Contracting structures tighten (take-or-pay, firmness premiums) – Contracting terms tighten when sellers are unwilling to guarantee firm supply without stronger commitments. Pipelines, producers, and utilities respond to reliability risk by requiring longer tenors, take-or- pay provisions, or firmness premiums. Buyers accept these terms to secure certainty when spot markets alone cannot deliver reliability.

Higher required returns for infrastructure – Infrastructure investment slows unless capital providers are compensated for higher risk. When long-term prices are low and regulatory or market uncertainty is high, investors require higher returns before funding pipelines, storage, or generation. This raises the cost of infrastructure and limits expansion until returns are sufficient.

Load pays more for firmness – End users ultimately pay more when reliability becomes scarce. Large customers such as LNG exporters, power generators, and data centers face higher delivered gas costs, premium firm transportation, or the need to self-supply. Reliability shifts from being assumed to being explicitly priced and paid for by load.

Strategic implications for energy leaders​​

Natural gas demand is rising, and reliability expectations are increasing, but supply and infrastructure expand only with strong price and contracting signals. This disconnect complicates both affordability and reliability, leaving energy leaders to manage the tension between near-term affordability and long-term reliability through planning, contracting, and capital decisions.

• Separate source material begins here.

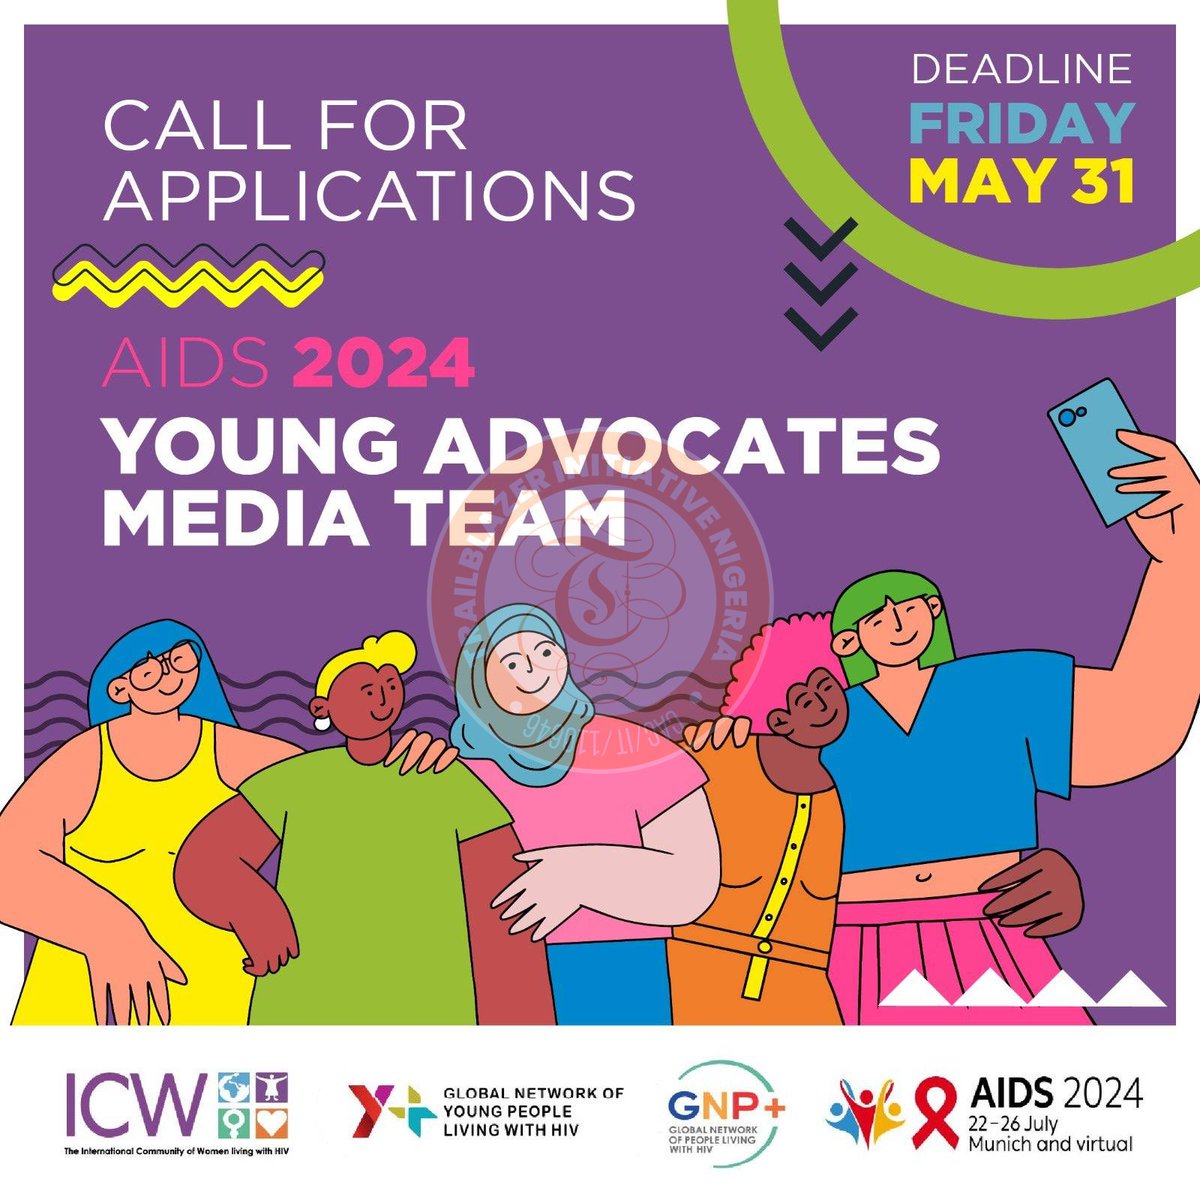 CALL FOR APPLICATION: AIDS 2024 Young Advocates Media Team trailblazerinitiative.org.ng/call-for-appli…

Implications for utilities​
– Reliability risk increases: Gas remains critical to resource adequacy as load growth outpaces firm capacity and transmission.​

– Firm supply costs require as much attention as commodity costs: Greater emphasis on firm supply, longer tenors, and deliverability.​

– Hedging strategies must adapt: More exposure to volatility and basis risk as supply response lags demand.

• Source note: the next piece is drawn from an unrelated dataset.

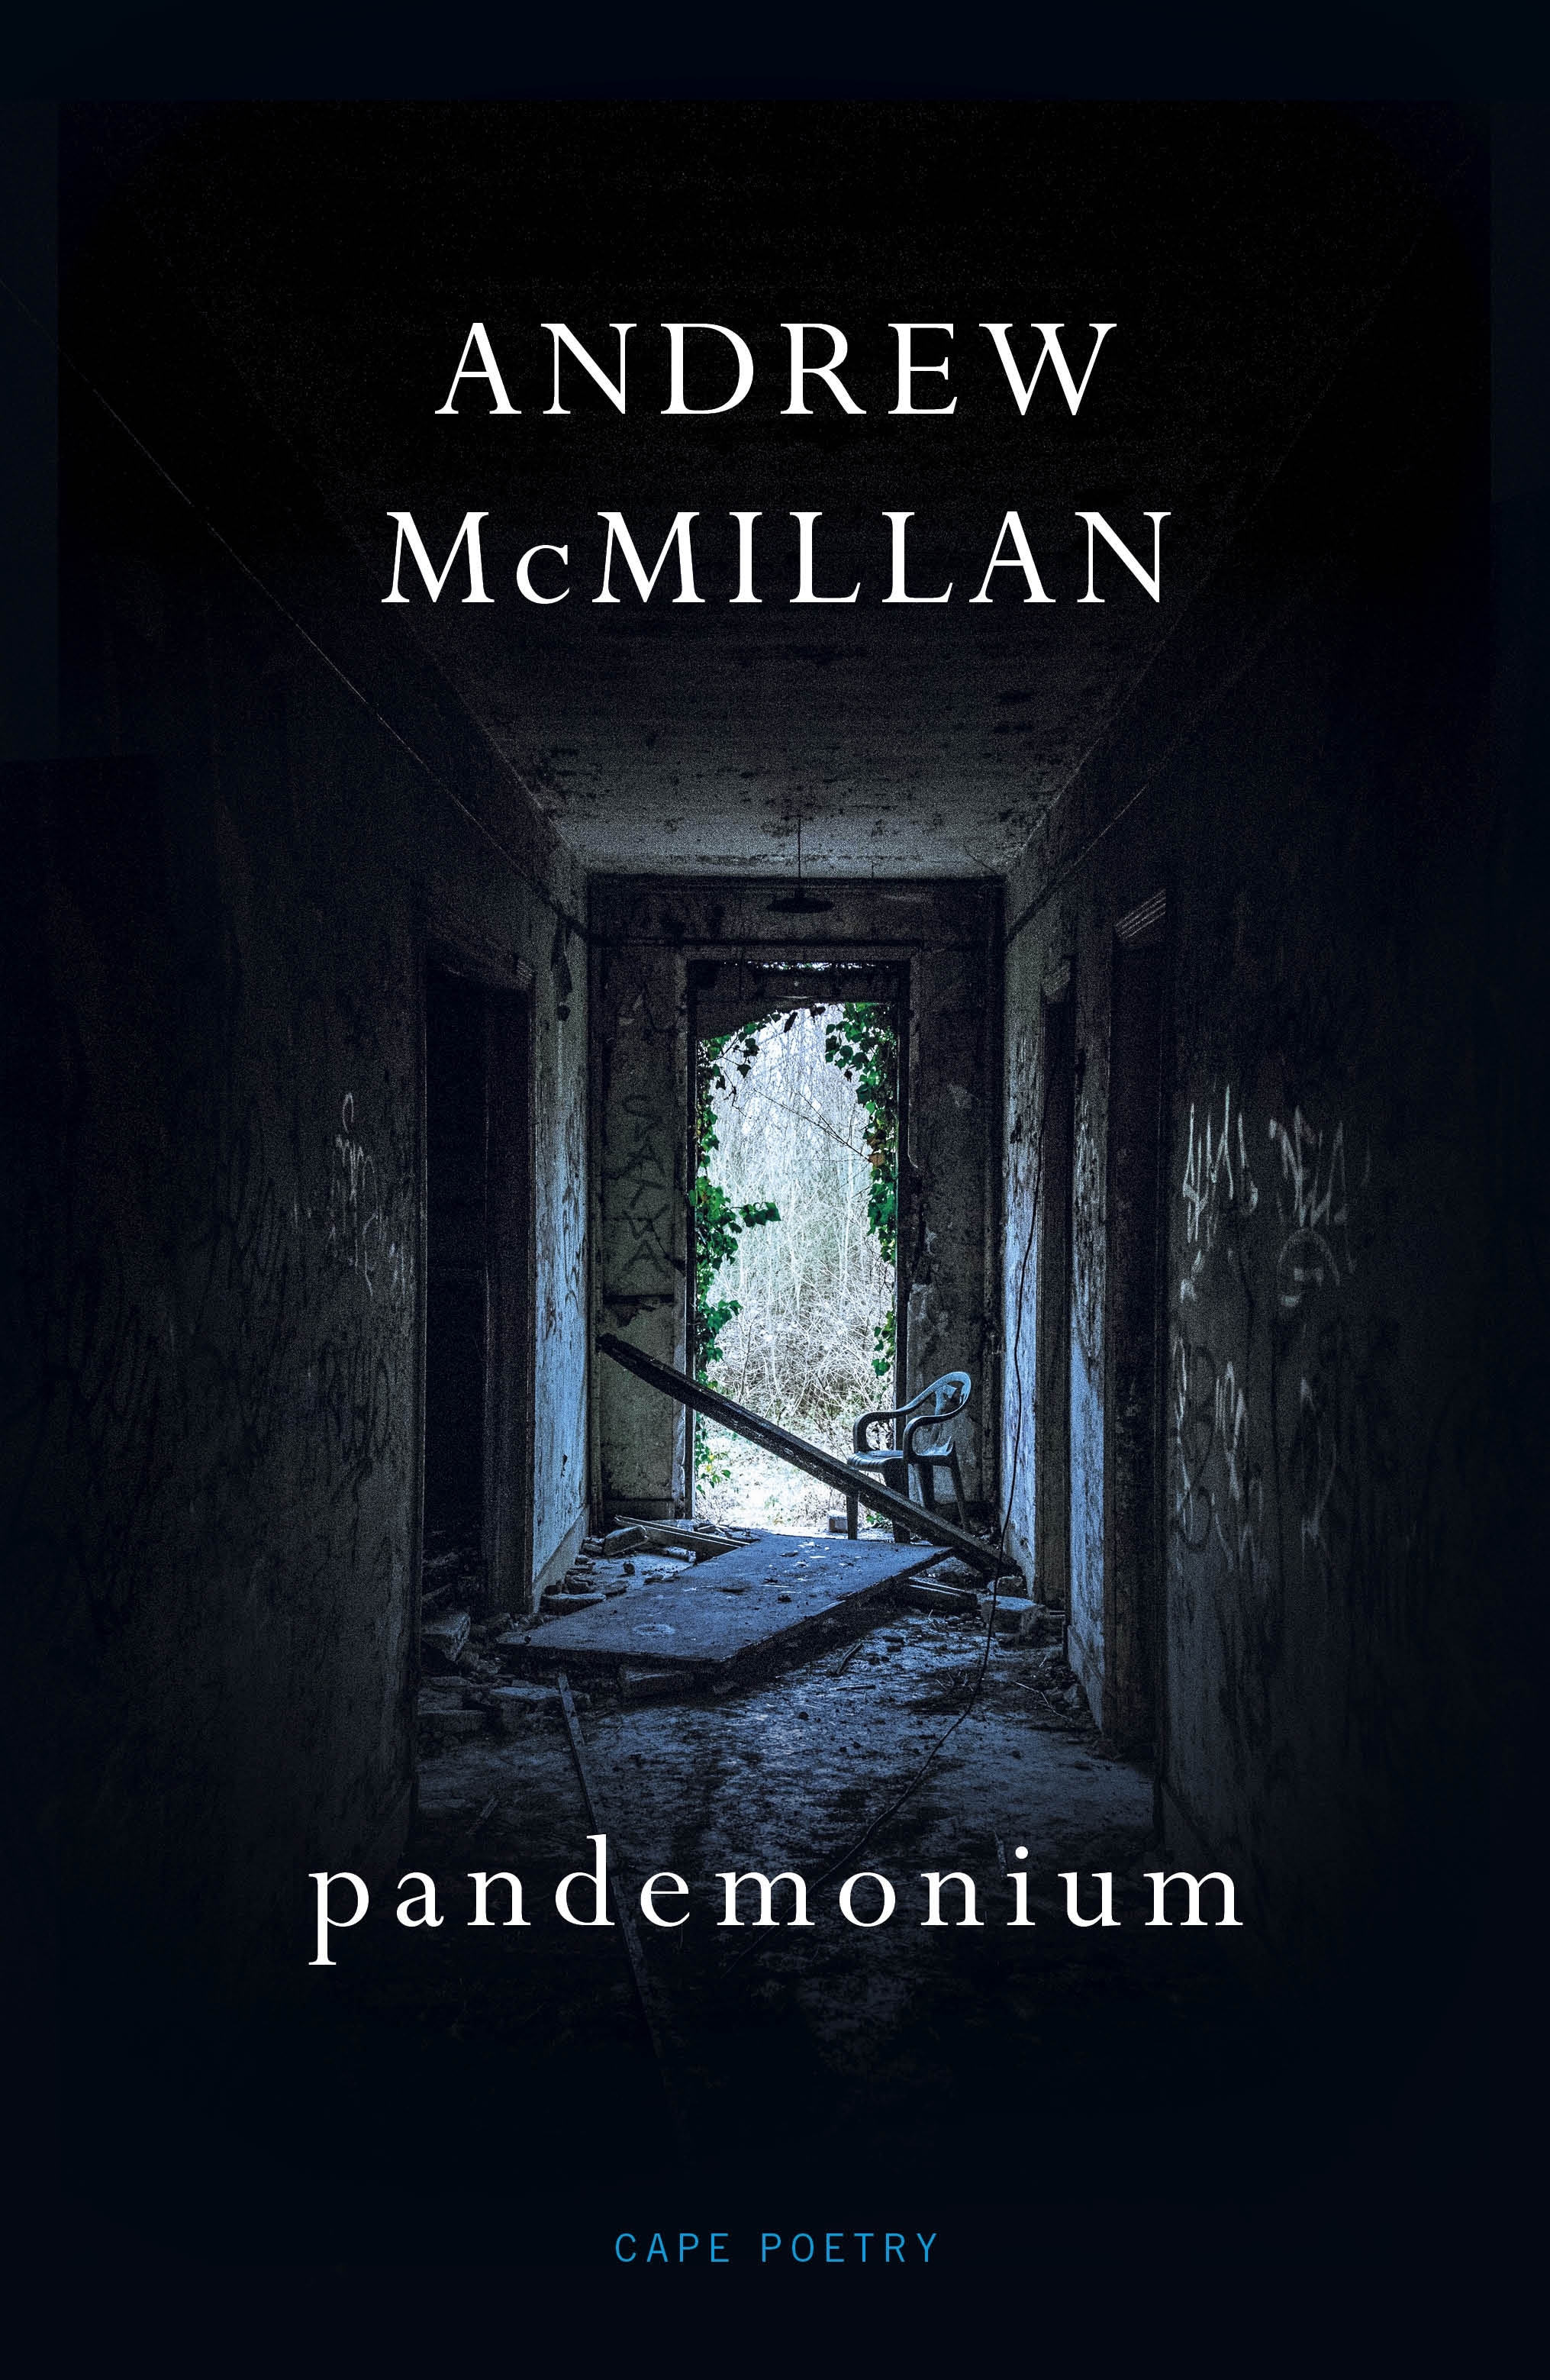 Book “pandemonium” by Andrew McMillan — May 20, 2021

Implications for investors and independent​ power producers
– Fuel and deliverability risk directly affect project economics: Assets without firm gas or transport face greater downside during stress events.​

– Capital becomes selective: Projects with weak contracting or exposure to congestion struggle to attract low-cost capital.​

– Valuation depends on risk profile: Returns increasingly reflect risk allocation, not just market prices.